一个乳腺癌检测AI算法在个性化乳腺摄影筛查方案中的表现。

Performance of a Breast Cancer Detection AI Algorithm Using the Personal Performance in Mammographic Screening Scheme.

Original text

发表日期：2023 Sep

作者： Yan Chen, Adnan G Taib, Iain T Darker, Jonathan J James

来源： RADIOLOGY

摘要：

背景：个人乳腺摄影筛查绩效评估计划（PERFORMS）方案用于评估读者绩效。这个方案能否评估人工智能（AI）算法的绩效尚不清楚。目的：比较人工读者和商用AI算法对PERFORMS测试集的解读绩效。材料和方法：在这项回顾性研究中，人工读者于2018年5月至2021年3月评估了两个PERFORMS测试集，每个测试集包括60个具有挑战性的病例，而AI算法于2022年进行了评估。AI独立地对每个乳房进行评估，为检测到的特征分配恶性肿瘤疑似得分。使用每个乳房的最高得分进行绩效评估。计算了AI和人工读者的敏感性、特异性和受试者工作特征曲线下面积（AUC）等绩效指标。该研究的样本能力可检测中等效应（优势比值为3.5或0.29）的敏感性。
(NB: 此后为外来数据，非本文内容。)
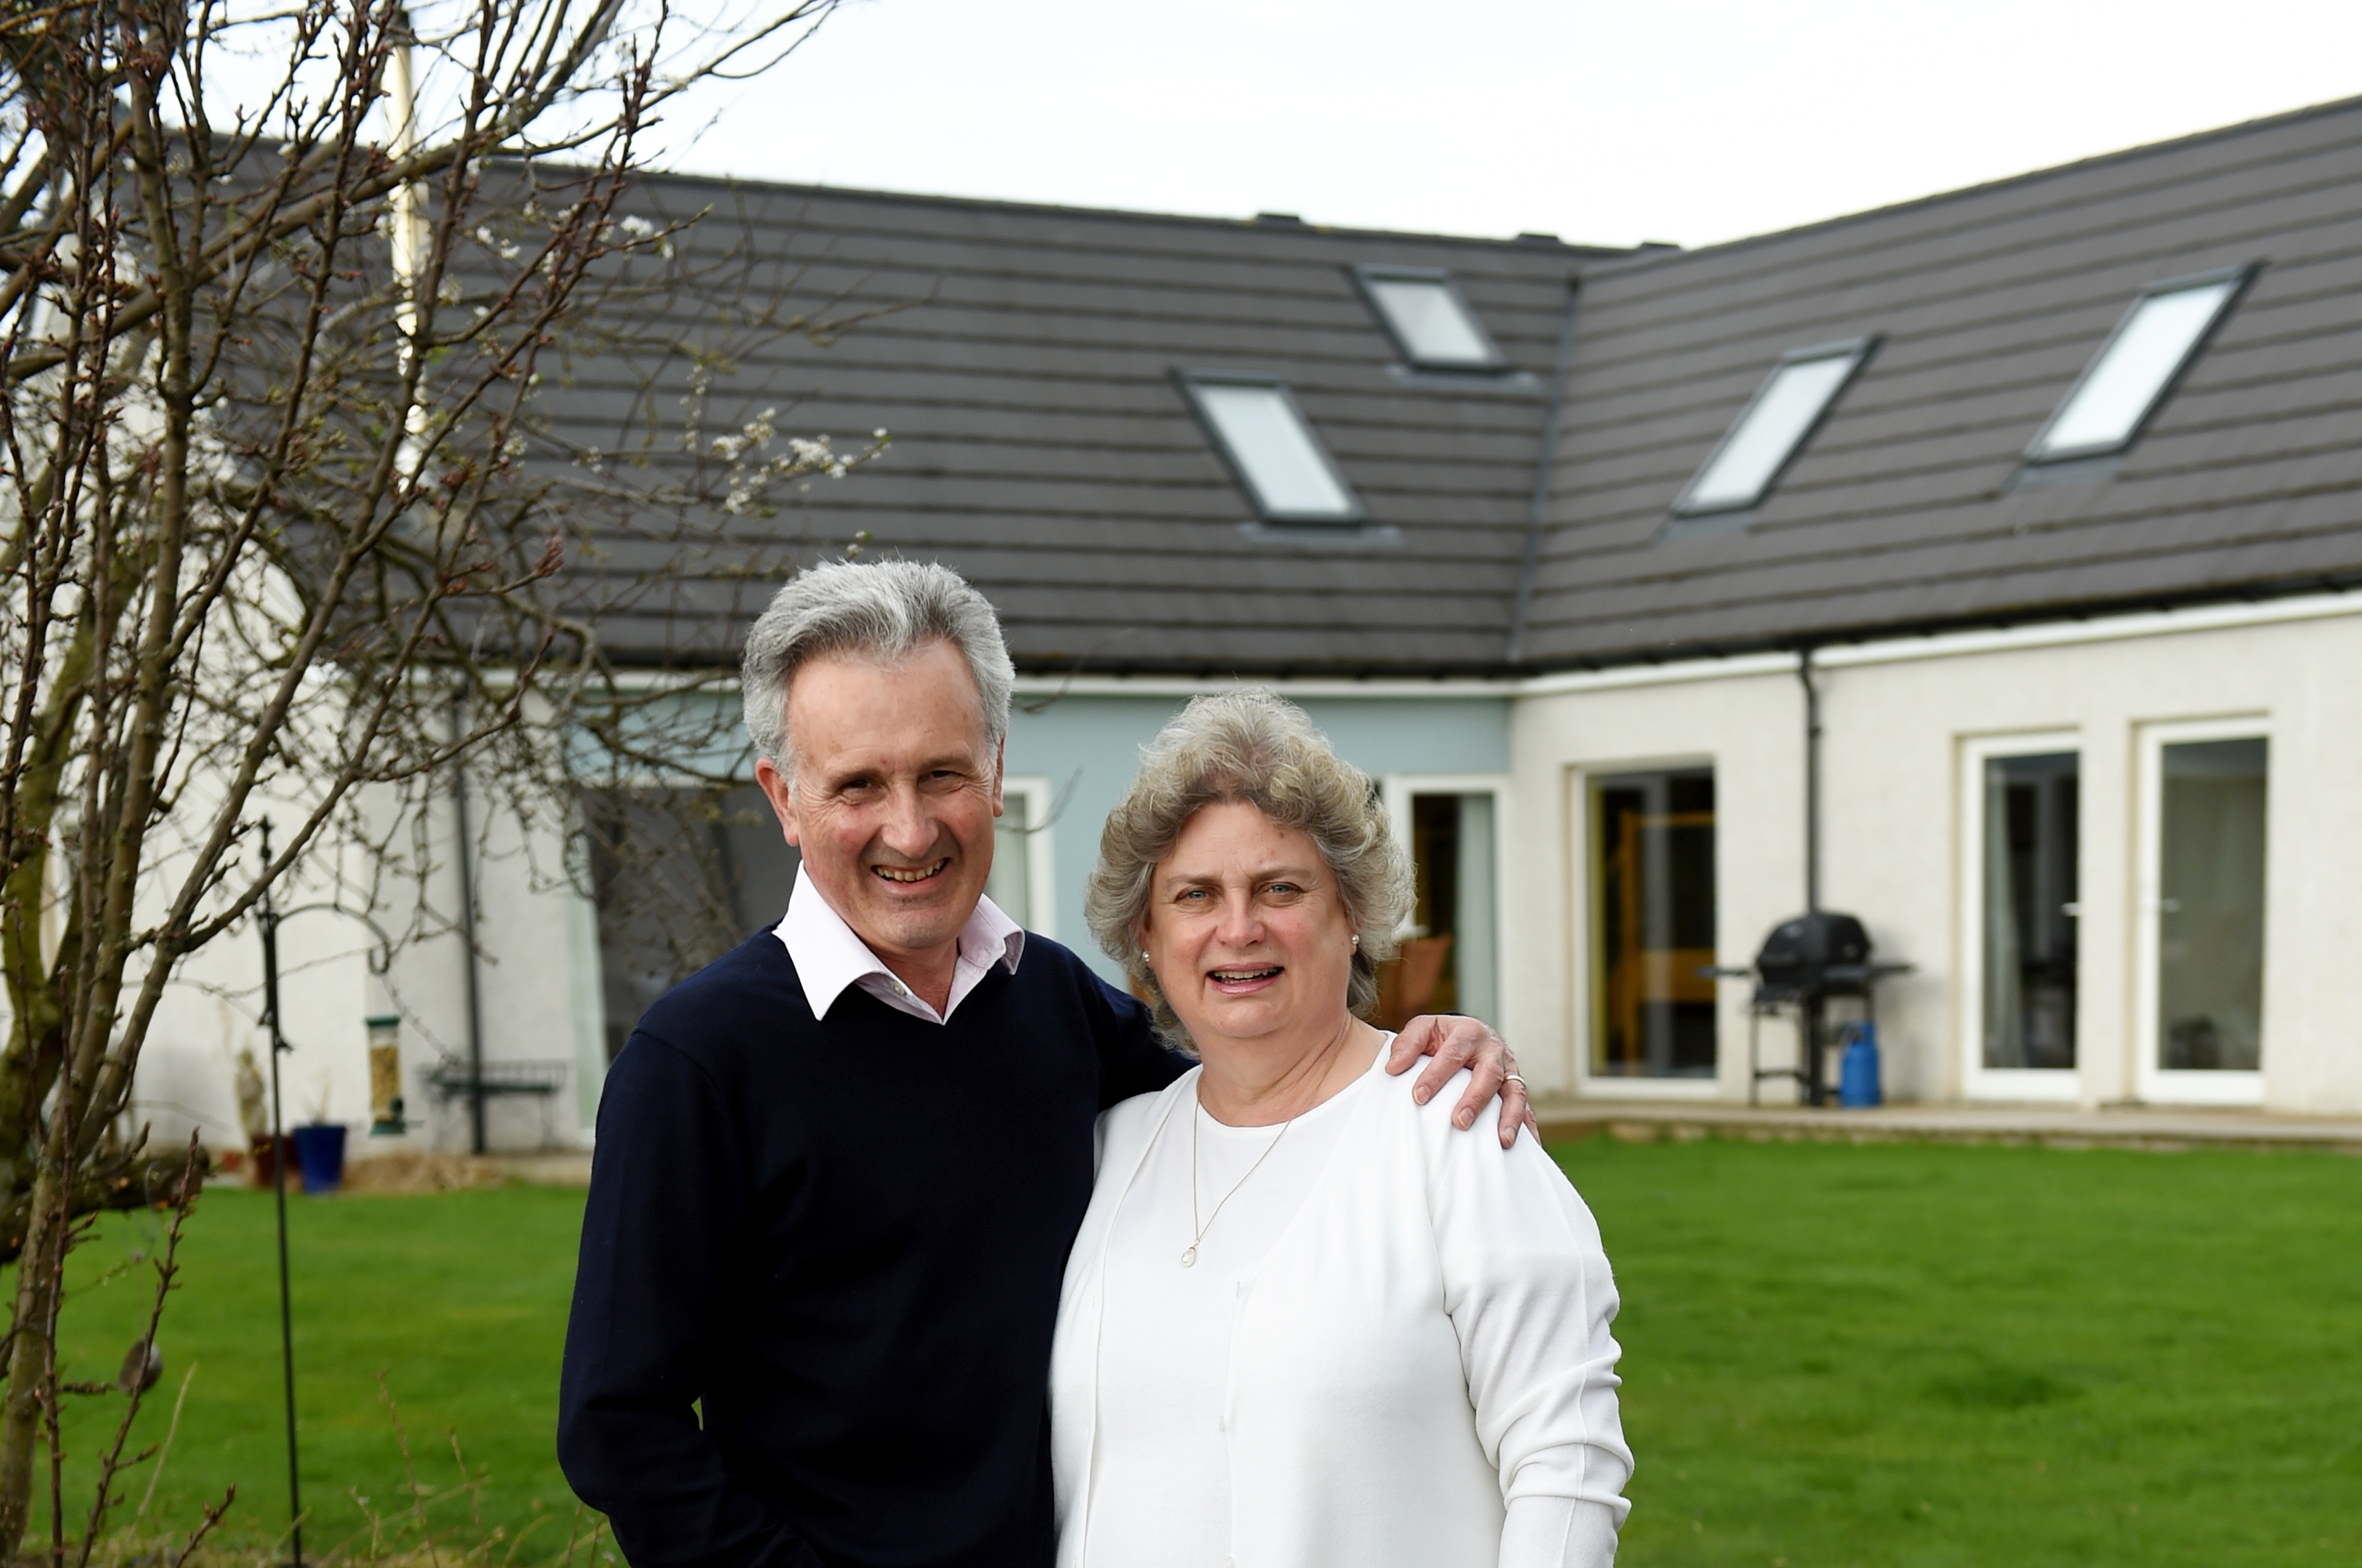 Ewe House, Whiteinch Smallholdings, Kinloss, is the home of Steve and Anne-Marie Skidmore.

结果：共有552名人工读者解读了两个PERFORMS测试集，其中包括161个正常乳房、70个恶性乳房和9个良性乳房。在乳房水平上，AI的AUC和人工读者的AUC之间无差异（分别为0.93%和0.88%，P = .15）。当使用开发者建议的回忆得分阈值时，AI和人工读者的敏感性没有差异（分别为84%和90%，P = .34），但AI的特异性（89%）高于人工读者（76%，P = .003）。然而，由于测试集的规模，无法证明二者的等效性。当使用回忆阈值与人工读者平均绩效（90%敏感性，76%特异性）相匹配时，AI的绩效没有差异，敏感性为91%（P = .73），特异性为77%（P = .85）。结论：在从PERFORMS方案中获得的两个精选测试集的病例评估中，AI的诊断绩效与平均人工读者相当。 ©RSNA，2023，请参阅本期Philpotts的社论。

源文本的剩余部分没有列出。